Task directions>
Output all of the data exactly, keeping any images out of the copy.

Supplied data>
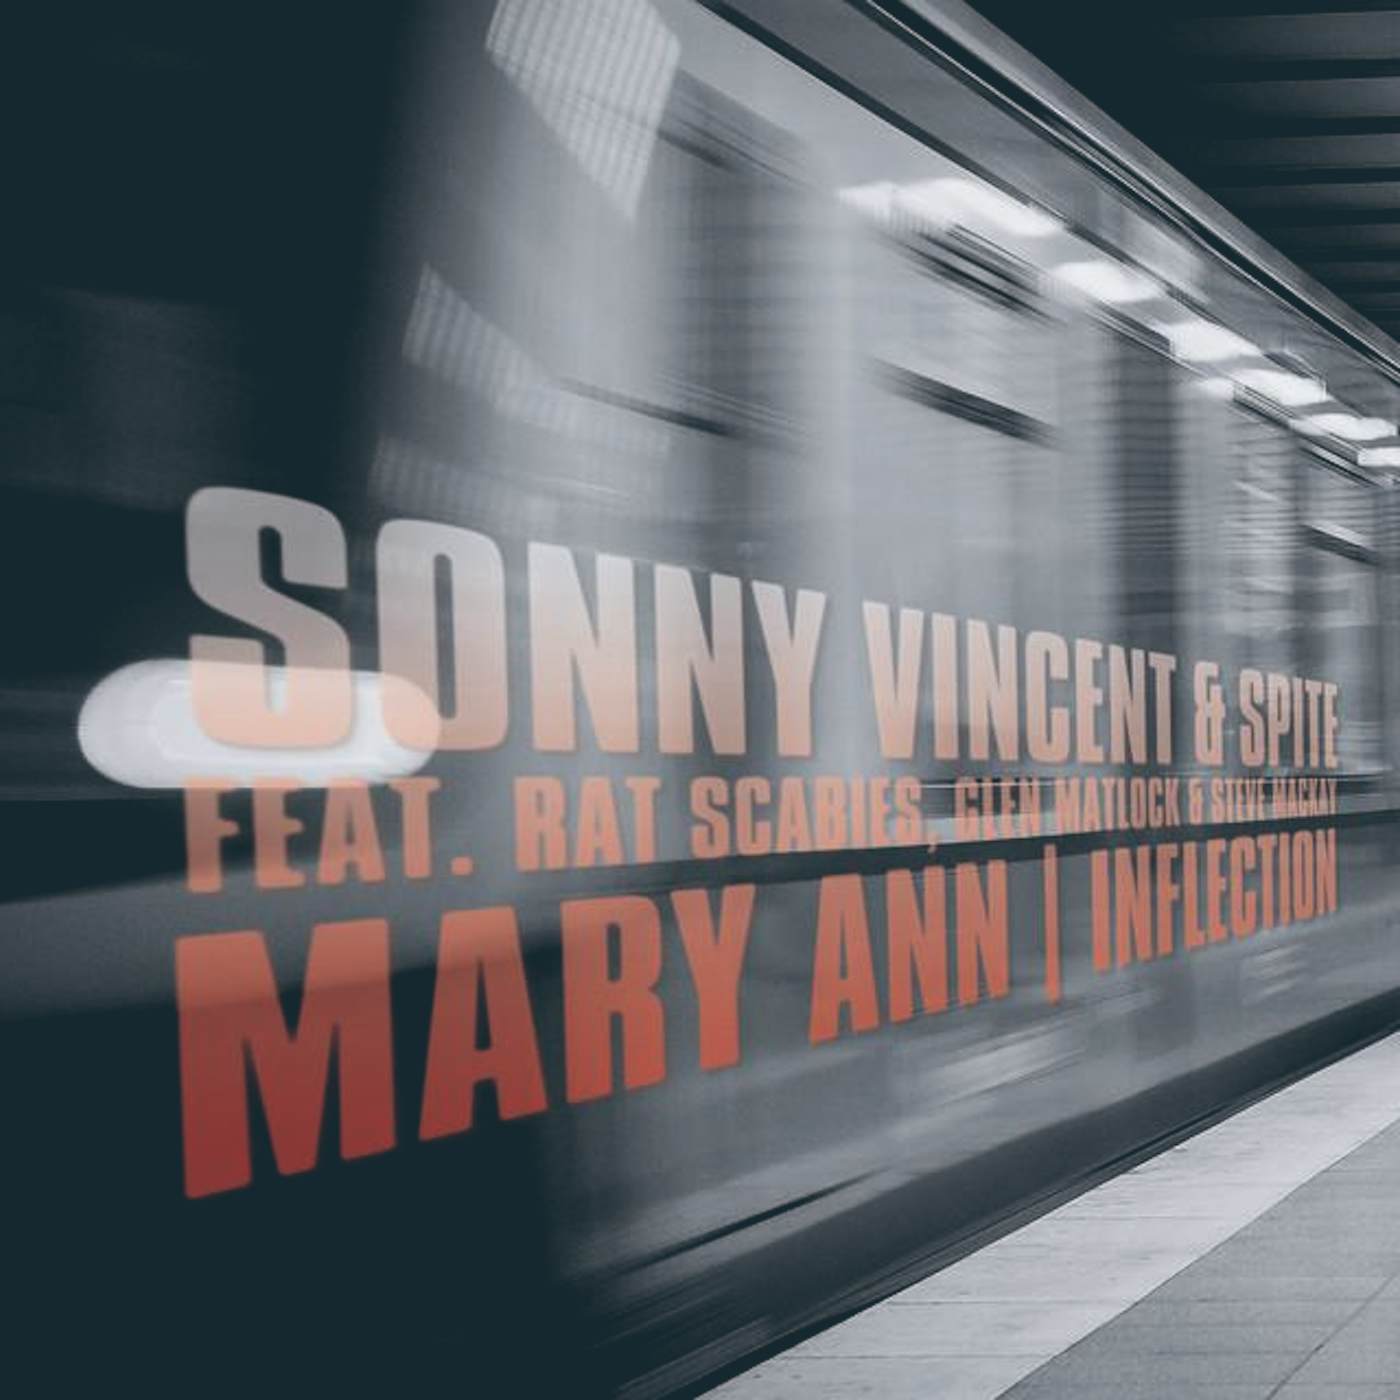 Sonny Vincent & Spite
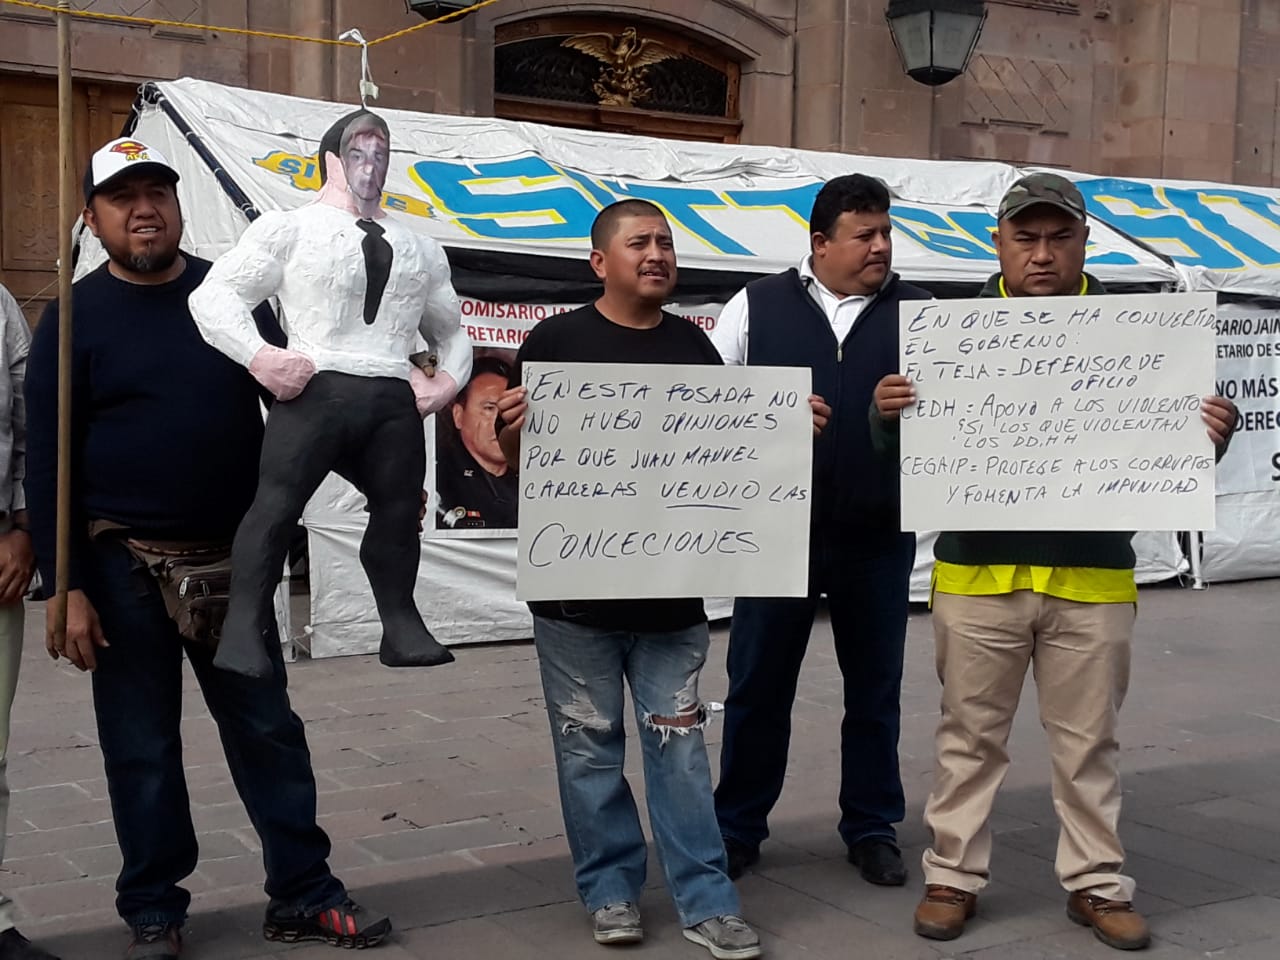  Taxistas cuelgan piñata con cara del gobernador frente a Palacio de Gobierno; piden su renuncia
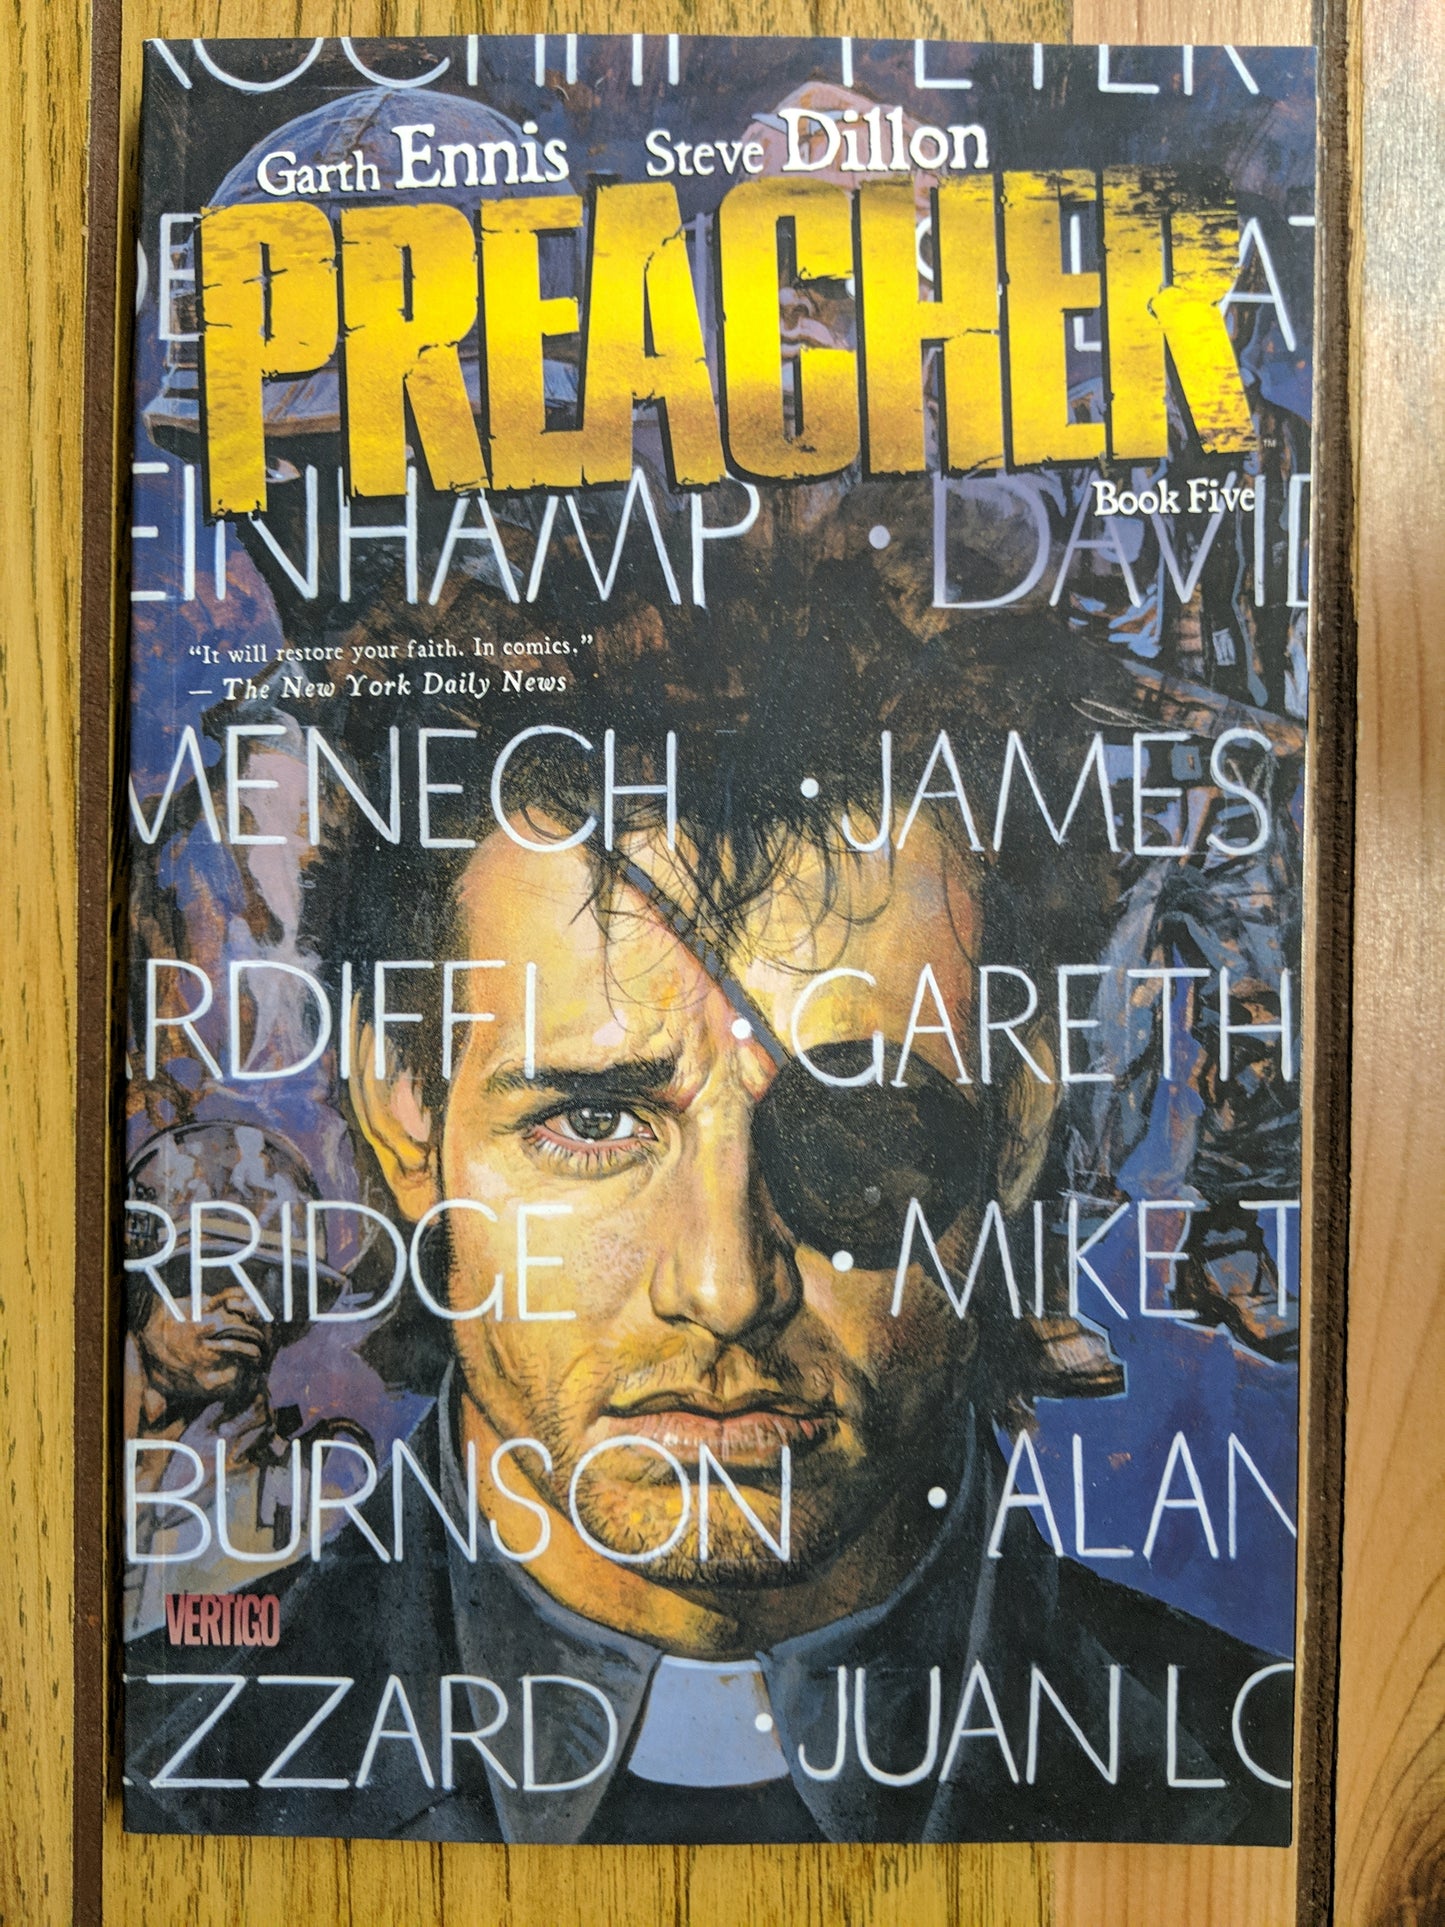 Preacher Vol 5

Written response>
 Sonny Vincent & Spite
  Taxistas cuelgan piñata con cara del gobernador frente a Palacio de Gobierno; piden su renuncia
 Preacher Vol 5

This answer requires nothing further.